The Remote Facility Headache
If you manage Parks and Rec, you know the drill. Your restrooms are high-traffic, far apart, and completely unsupervised. That makes them a playground for vandals. We’ve all seen it: plastic dispensers smashed to bits, soap ripped off the wall, and paper towels everywhere but the trash can.
The real disaster happens when those paper towels hit the plumbing. A single vandal can create a flooded "disaster zone" in minutes. Because these parks are remote, your crew wastes hours and gas money just driving out to scrape wet paper off the walls and unclog toilets. It is a massive drain on your time and your budget.
Building a Restroom Fortress
To save these vulnerable spots, you have to build for a battle. That is why parks departments are moving toward heavy-duty steel fixtures and Pinnacle Hand Dryers. We designed our dryers with a solid-state setup. That means no exterior buttons, no mechanical parts, and zero opportunities for someone to pry them open or jam the works.
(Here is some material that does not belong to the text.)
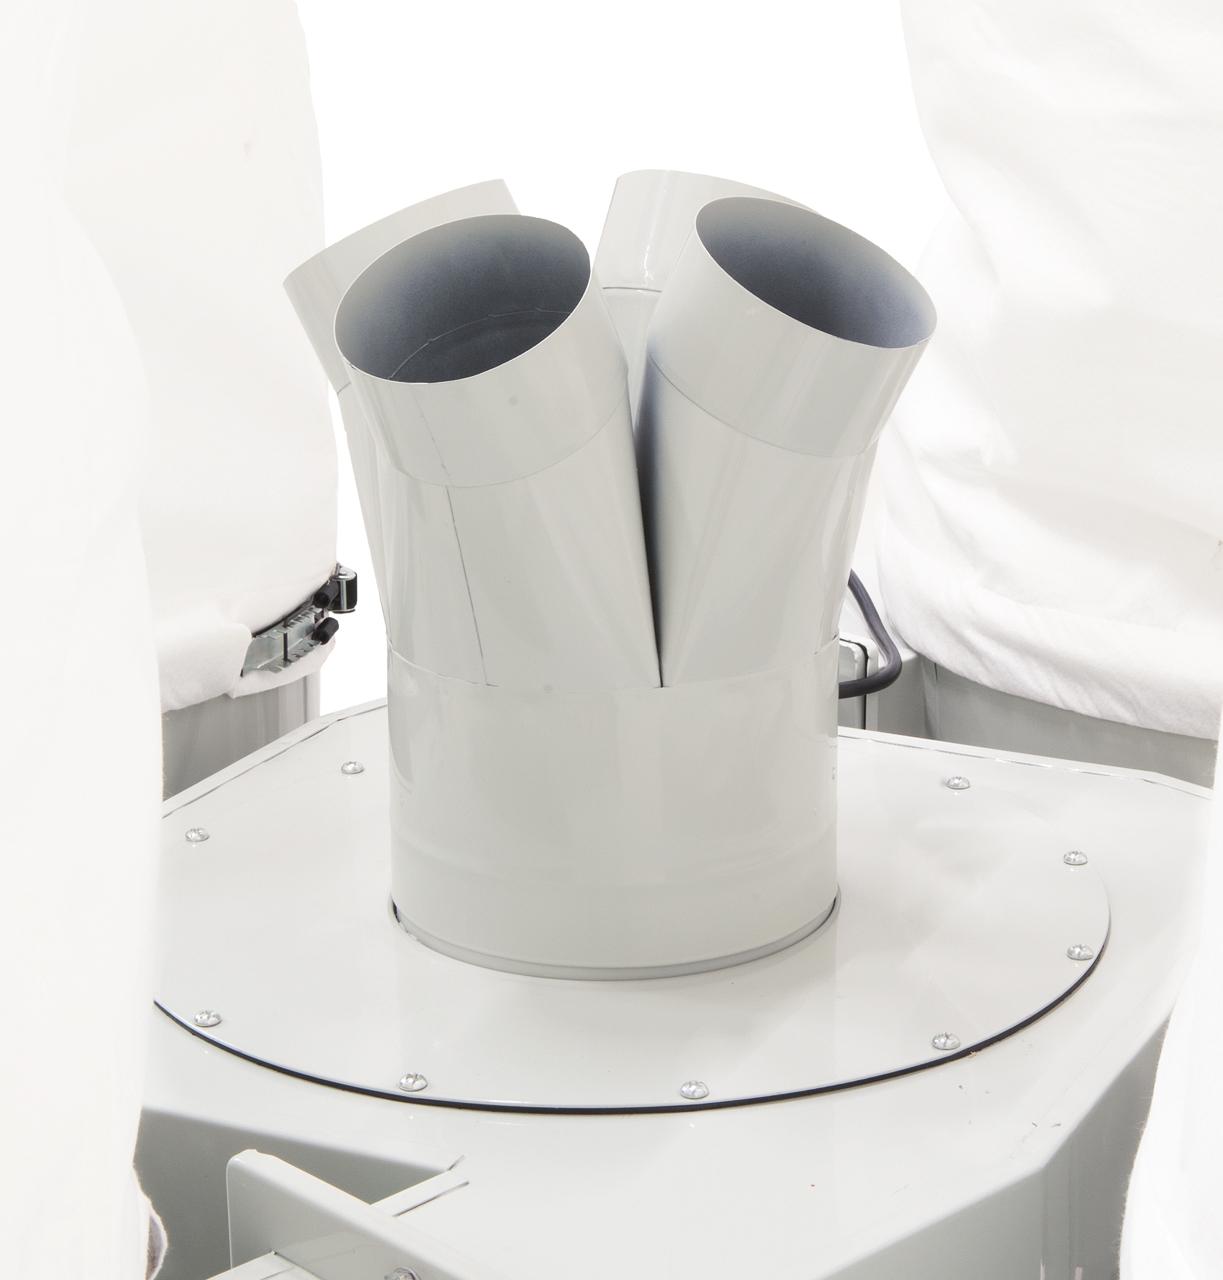 Der serienmäßige Verteiler bietet vier Anschlüsse diam. 100 mm

We build these in the USA using 16-gauge steel baseplates and 20-gauge 304 stainless steel covers. It is basically a fortress for your wall. If you want the ultimate security, our PDC-R10 recessed model sits nearly flush with the wall. With less than an inch of protrusion, there is absolutely nothing for a vandal to grab onto or try to rip down.
Protecting the Park (and the Budget)
It is an irony every director feels: you are in the business of nature conservation, yet your restrooms are full of paper waste. Manufacturing a single ton of paper towels eats up 17 trees and 20,000 gallons of water. Once they are used, they can’t even be recycled. They just sit in a landfill.
Then there is the logistical nightmare. Every case of paper towels creates about a cubic yard of loose trash. For a park system, paying those premium hauling and landfill fees just to move trash around is a waste of taxpayer dollars. When you switch to our high-efficiency hand dryers, that entire waste stream vanishes instantly. You get a cleaner park, a better reputation for sustainability, and a budget that actually goes toward trail maintenance and playground equipment instead of plumbing bills.